RR Phantom
Location : Wasted Space Job/hobbies : Cayman Islands Actuary
| Subject: I Was Wrong About Putin Tue Mar 08, 2022 4:22 pm | |
| When U.S. intelligence started saying that Russia would invade Ukraine, I didn’t believe it. By Sergei Dobrynin
In February 2000, I met my friend and mentor, the anthropologist Vladimir Arsenyev, for a beer in a musty St. Petersburg University cafeteria. We were talking politics, and we fell into a conversation about the upcoming presidential election, which Vladimir Putin was obviously bound to win. Putin had succeeded Boris Yeltsin after the latter’s resignation and was seeking his first full term in power.
Arsenyev, then in his early 50s, was a fiery postcolonial leftist who hated the Soviet Union, but considered the emerging Russian mix of imperialism and capitalism to be even worse.
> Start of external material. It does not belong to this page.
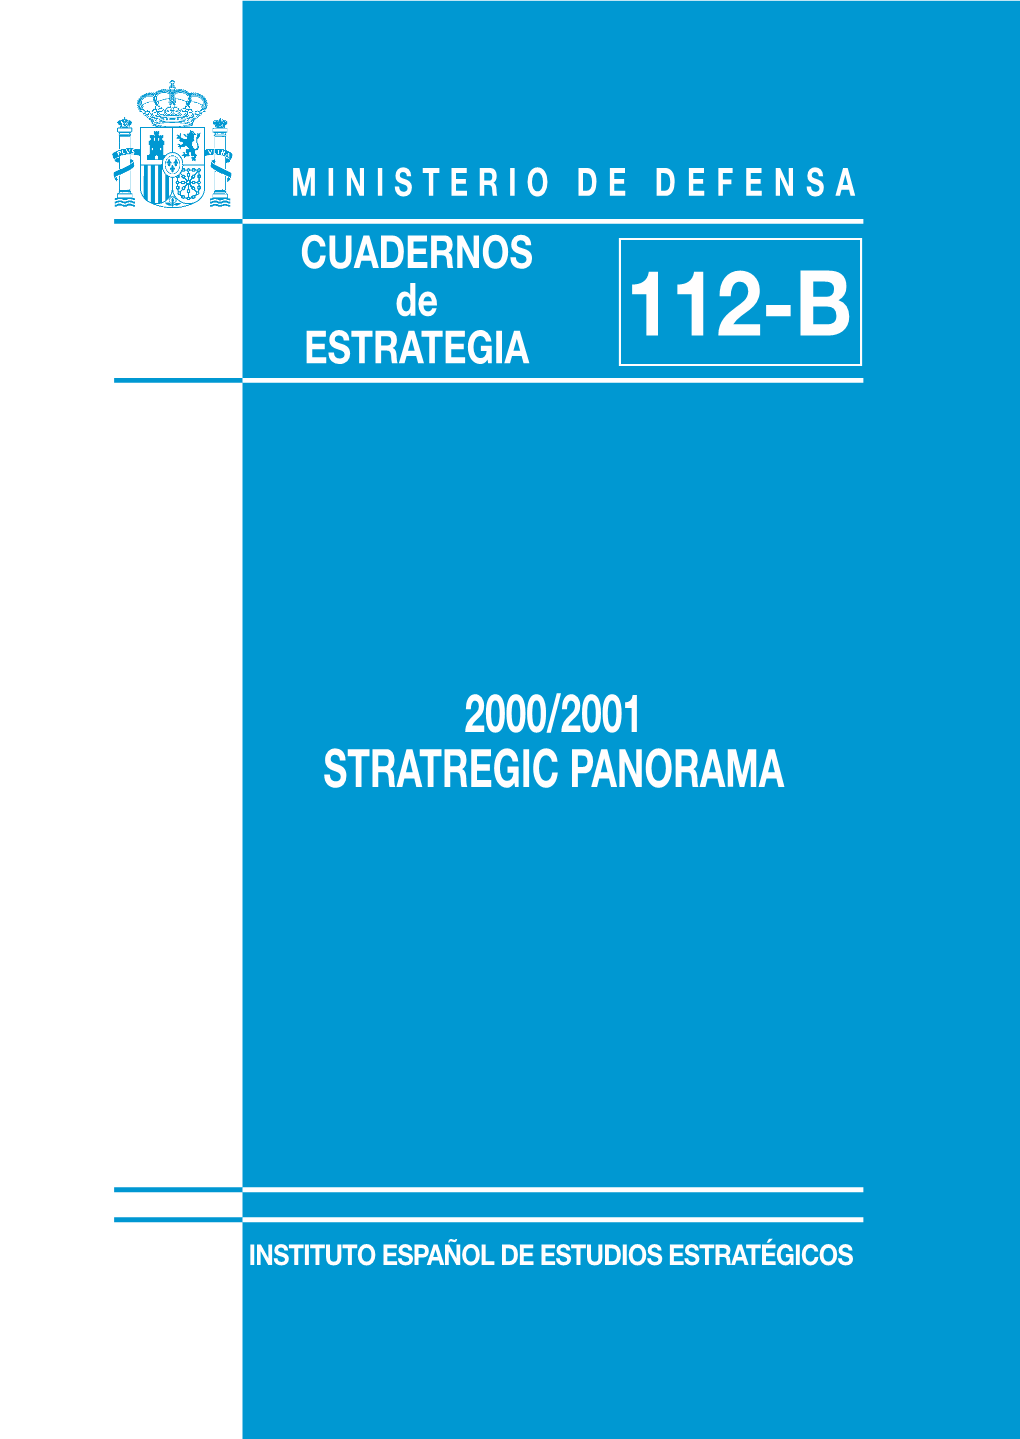 2000/2001 Strategic Panorama

He was not popular among his colleagues and was also disliked by some of his students who saw him as a kind of anti-corporate maverick.
My political orientation was rather different. I was decades younger than Arsenyev, and my whole childhood had been colored by the collapse of the Soviet Union. Because I had experienced chaos, I believed in a strong hand. I regretted that Russia was no longer a superpower and thought that my country deserved a bigger role in world politics. I suppose you could say I wanted to make Russia great again.
Arsenyev put down his beer and said (in Russian, of course): “This man, Putin, will bring this country to hell. I know this for sure. It is the worst thing that could ever happen to us.”
“Why?” I asked.
“He is a Chekist,” he said, meaning an agent of the secret police. “Once a Chekist, always a Chekist. He is pure evil.”